Incentives for training
The first domino, however, is training more nurse practitioners and getting them to work.
Carere said it may not be easy to hire more nurse practitioners because the incentives to get registered nurses to take an additional 1-2 years of training are lacking.
"There has not been a kind of consistent, consolidated approach to promoting enrolment in the program and to remunerating [nurse practitioners] in primary health care," said Carere, who added that NPs currently make less than registered nurses who have been working for seven years in hospital settings.
Gelinas, however, is confident that an NDP government would be able to hire more nurse practitioners.
"If you know you have a job waiting for you, it becomes a very strong motivator to do the work necessary to get your license. If the jobs for nurse practitioners were there, they were respectful, they allow them to practice within their full scope, a lot of nurses would be interested in extra schooling."

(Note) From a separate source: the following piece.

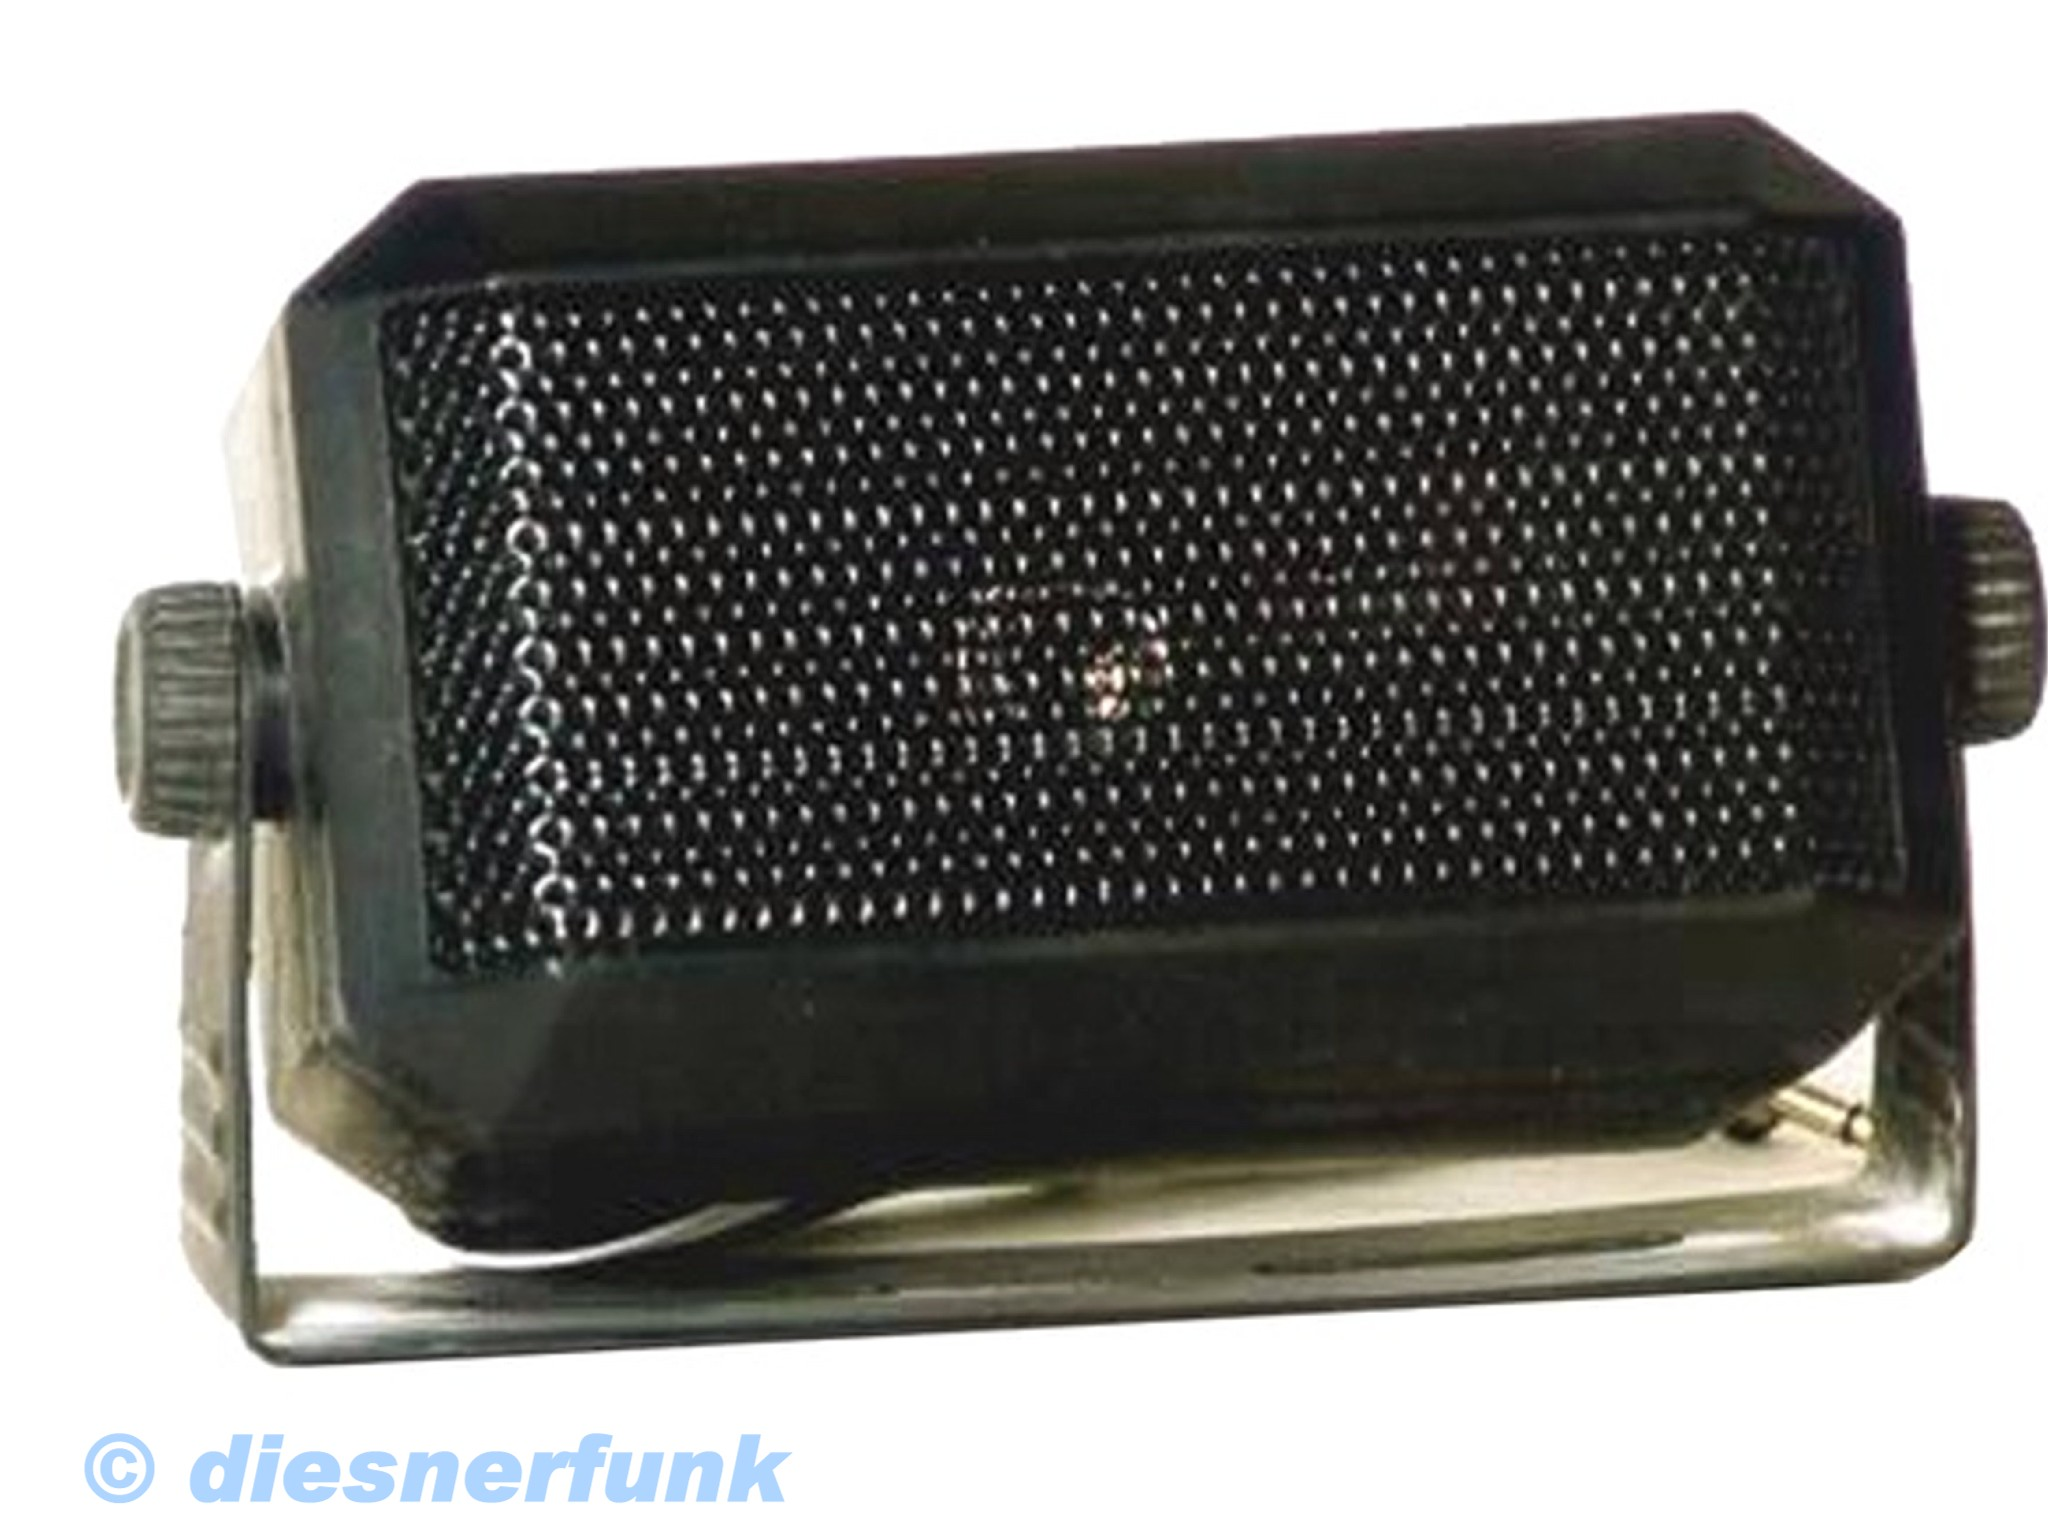 cb funk lautsprecher kls 250 5 watt zusatzlautsprecher lkw. Black Bedroom Furniture Sets. Home Design Ideas

The parties' promises on health care in this campaign have ranged from the NDP's vow to cut emergency room wait times, to eliminating the Local Health Integration Networks (PCs) and focusing on access to primacy care providers (Liberals).
Liberal Leader Kathleen Wynne has promised Ontario residents would have access to a primary care provider by 2018 under a Liberal government.
Progressive Conservative Leader Tim Hudak vows to scrap Ontario's Local Health Integrated Networks and divert the savings to frontline employees, like nurses. The LHINs employ about 2,000 bureaucrats and administrators.